> _Problem requirements_
Skip the pictures and restate, word for word, the lines from the one containing "Balanço da área" to the end of the data below.

> _Data provided_

%%

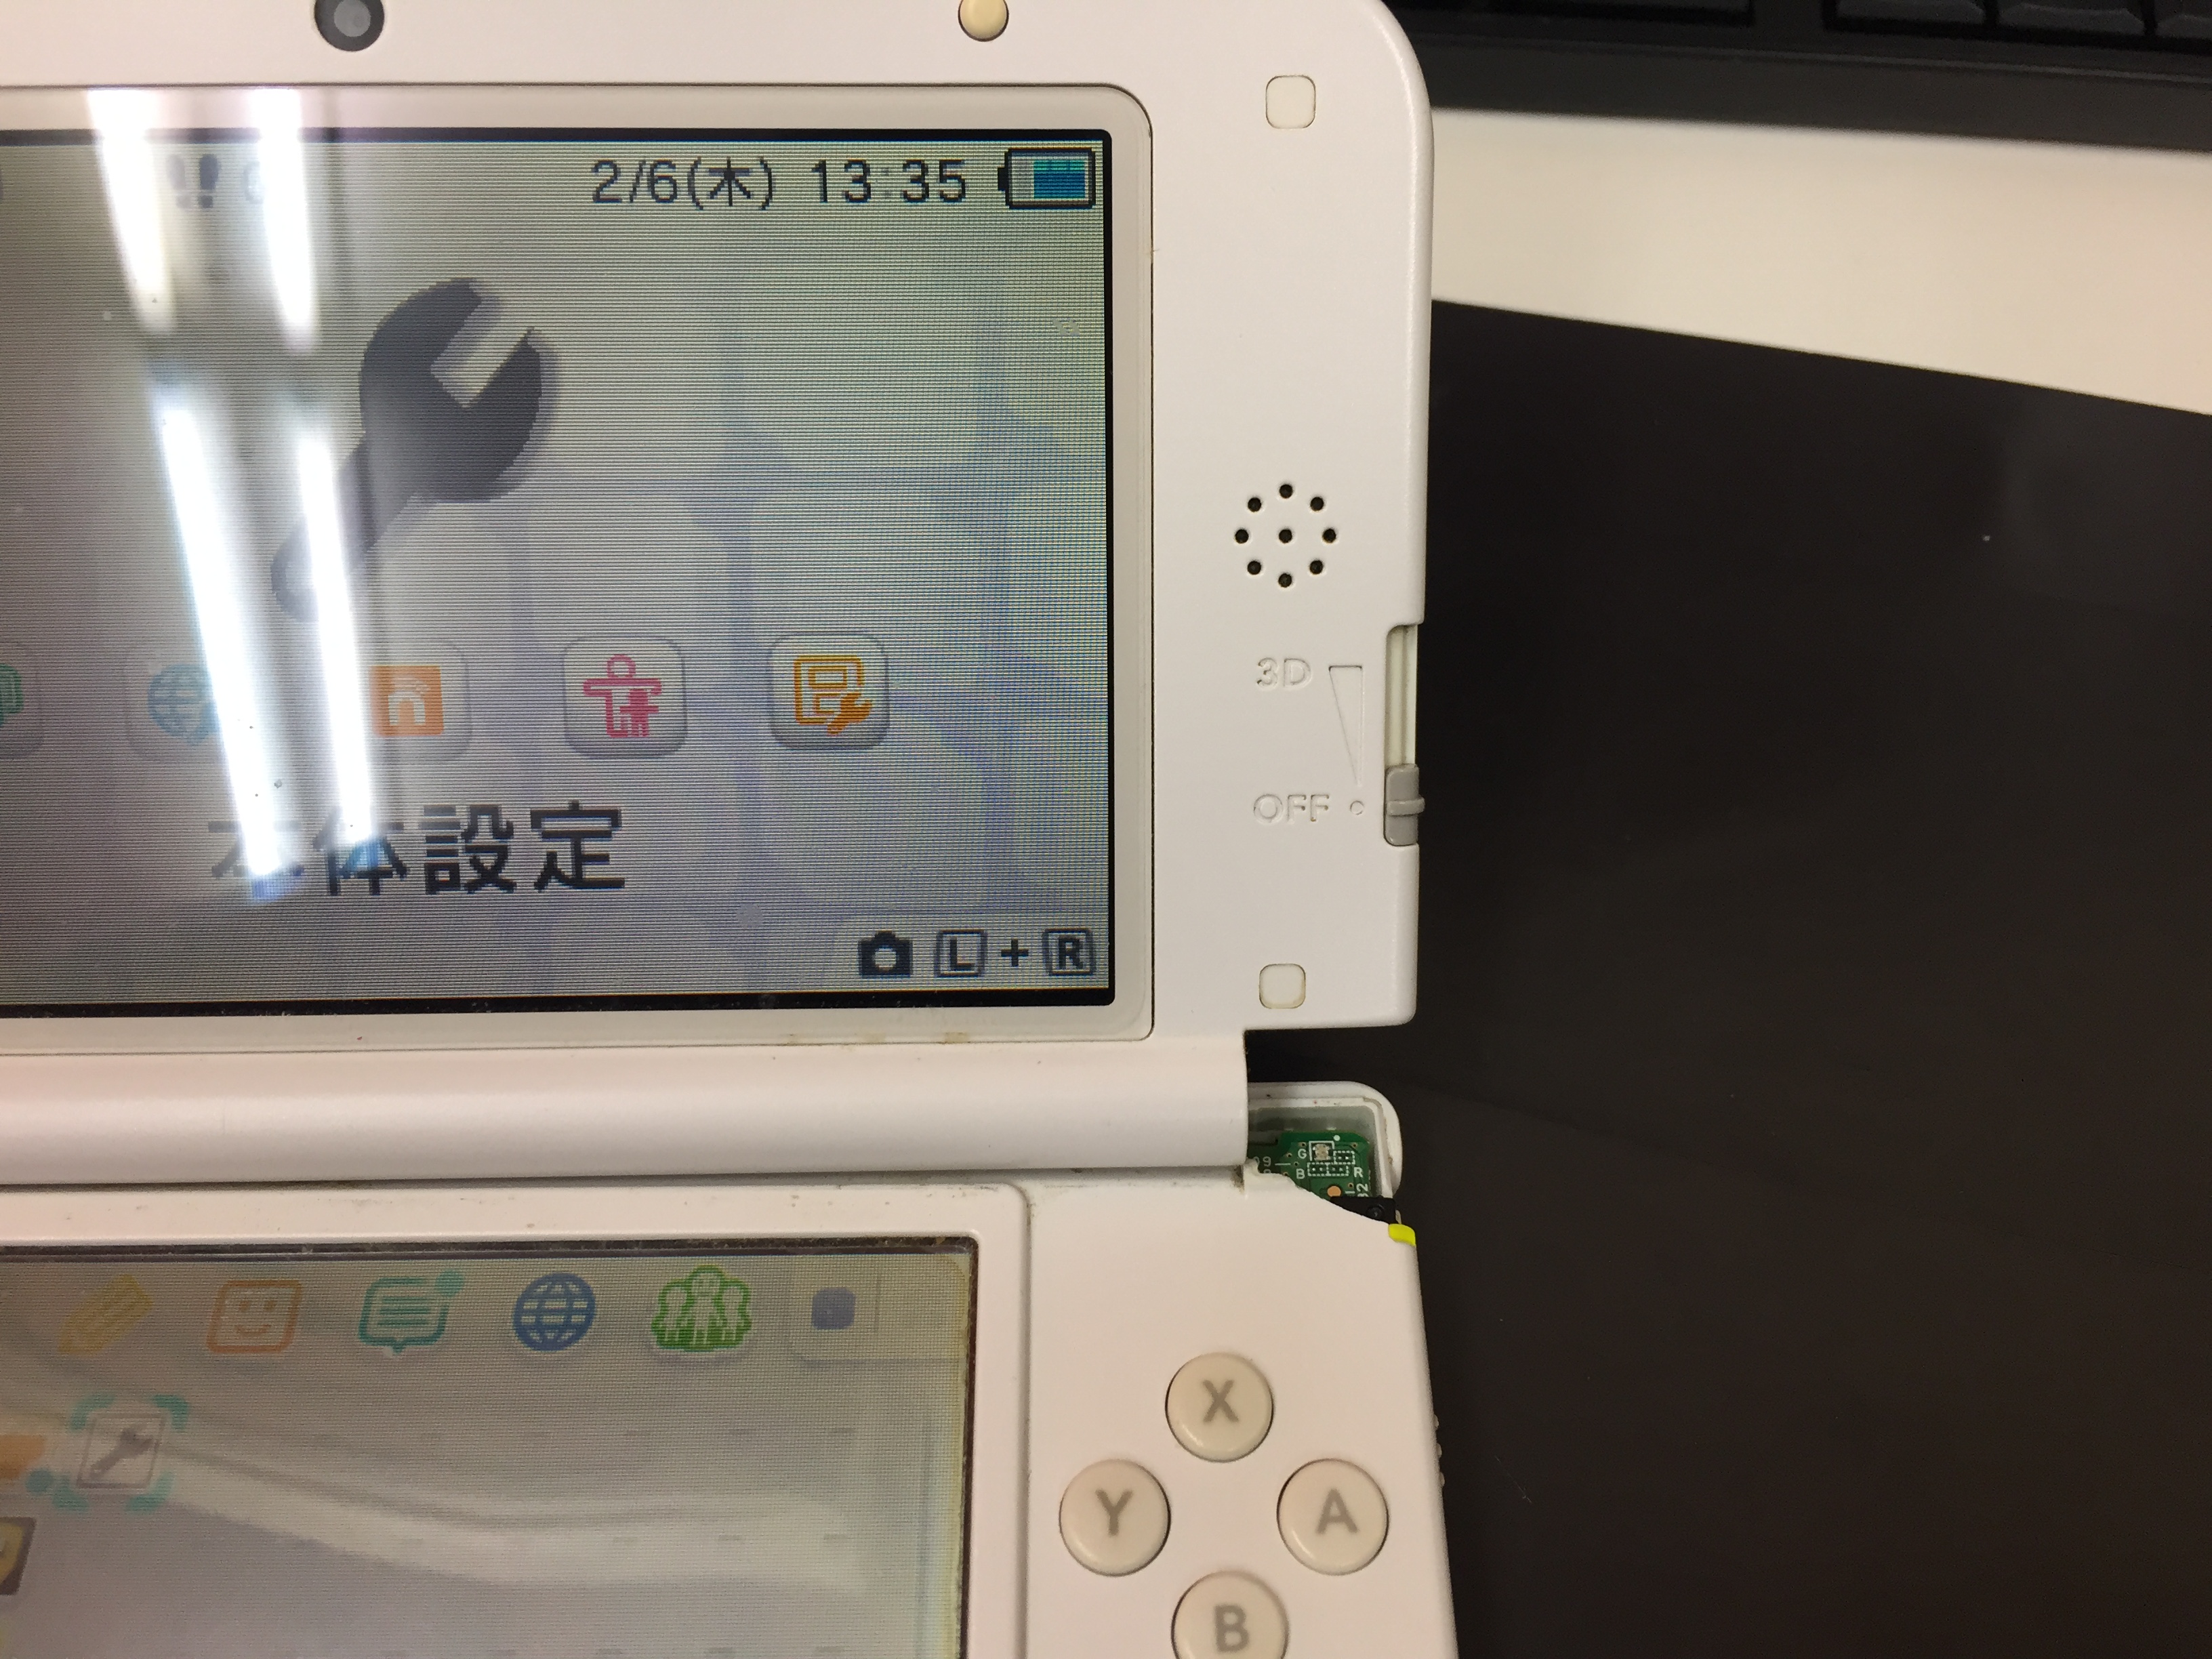 New3dsllハウジングが割れてしまった 上画面がプラプラしている Switch Nintendo3ds Psp 修理のゲームホスピタル Switch Nintendo3ds ニンテンドーds Psp 修理
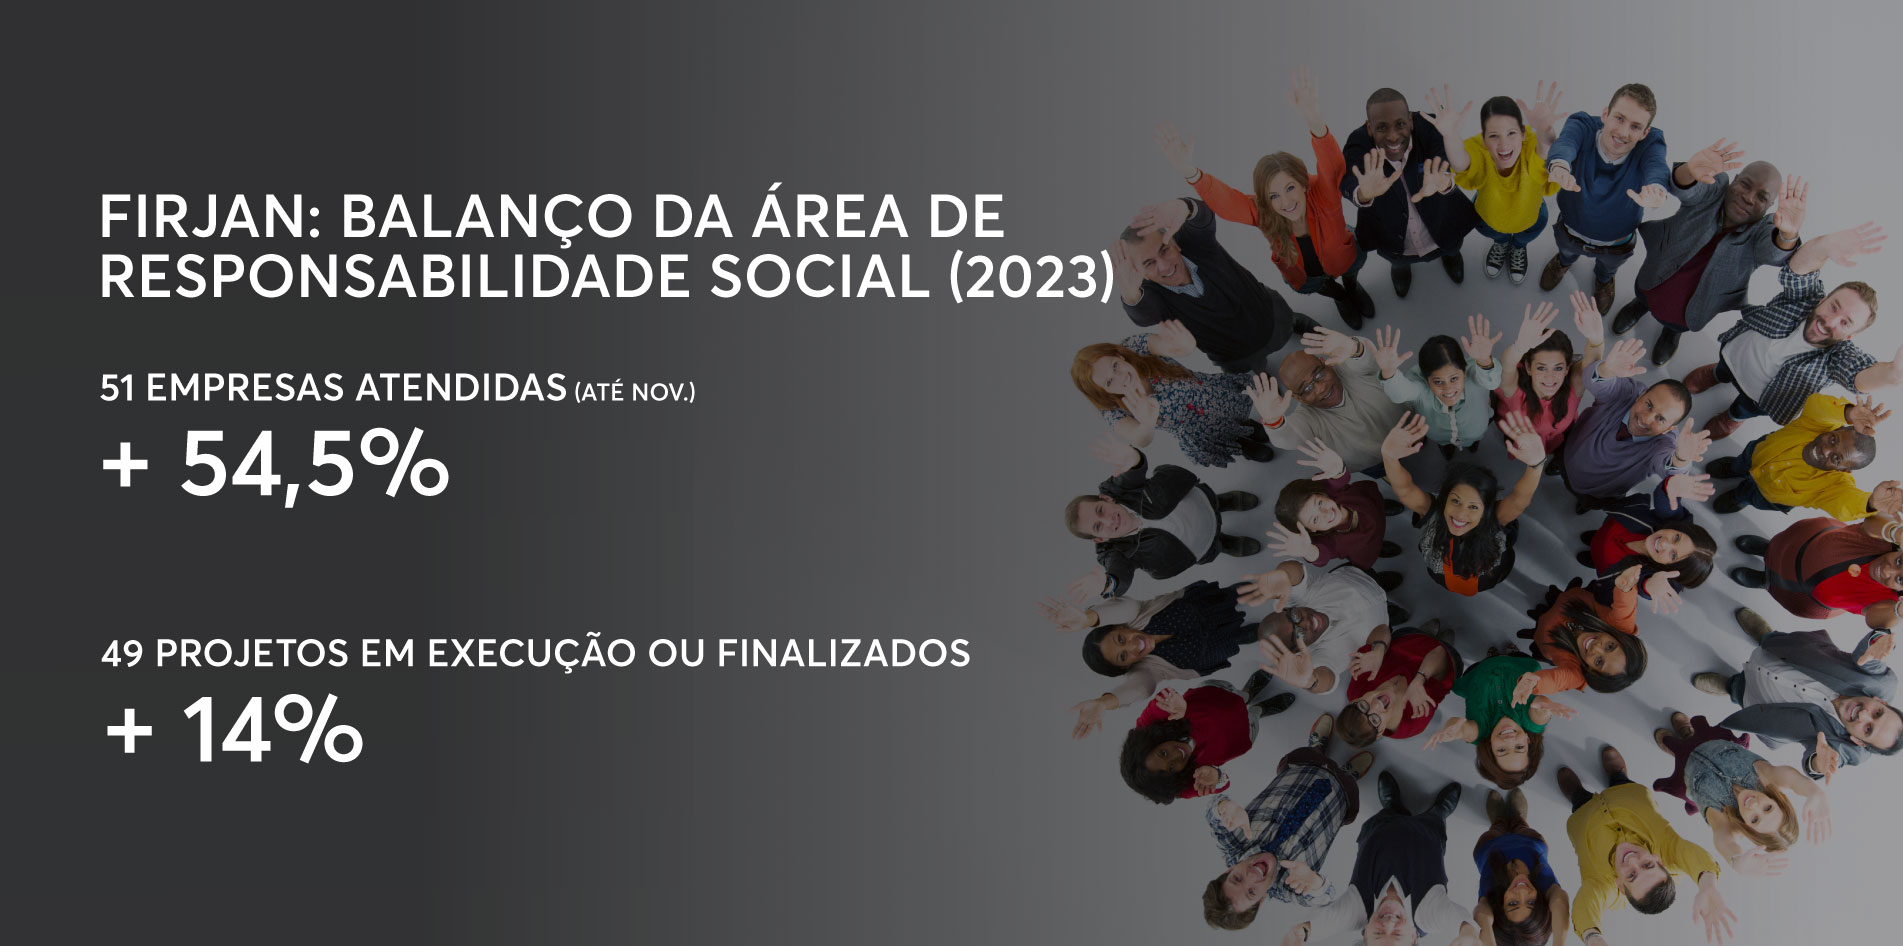 Balanço da área de Responsabilidade Social da Firjan 2023
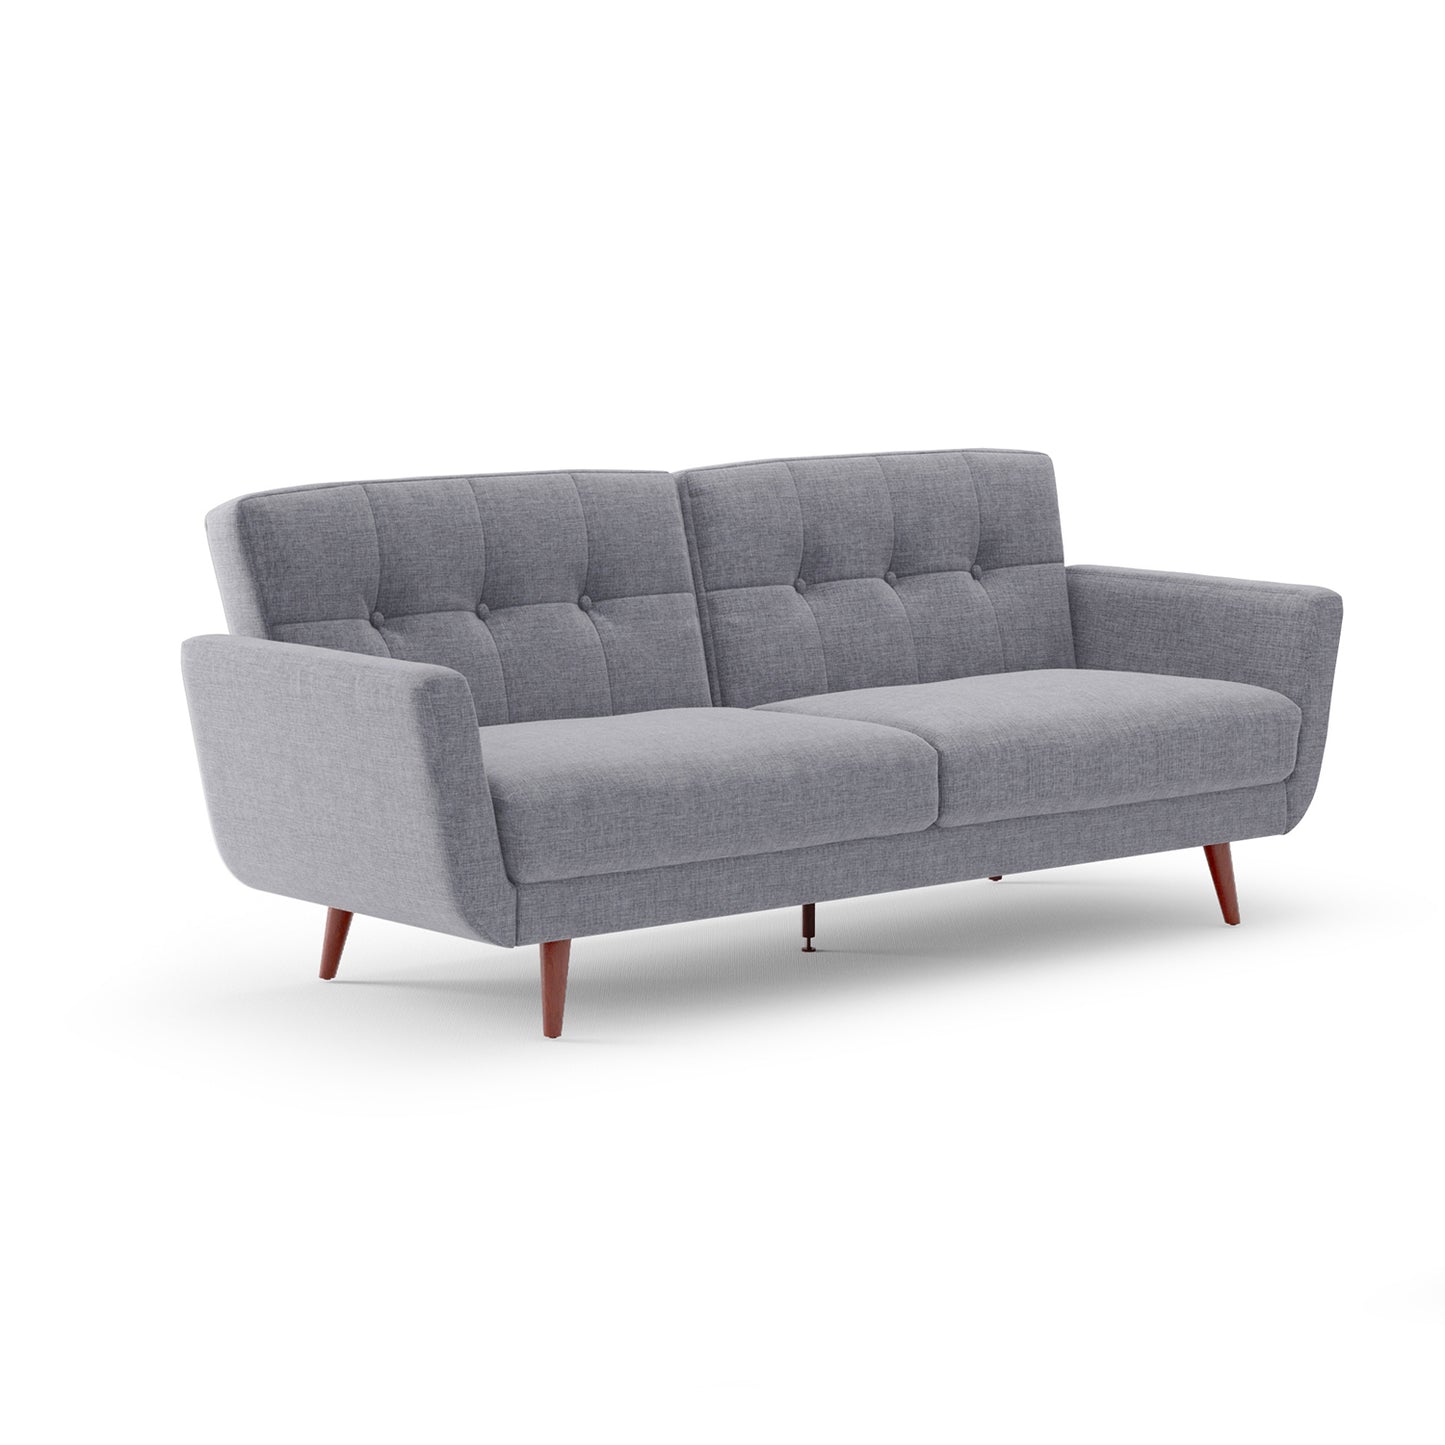 Aeon Nancy Converitble Sofa | Sofas |Modishstore

%%

> _Result of this task_
 Balanço da área de Responsabilidade Social da Firjan 2023
 Aeon Nancy Converitble Sofa | Sofas |Modishstore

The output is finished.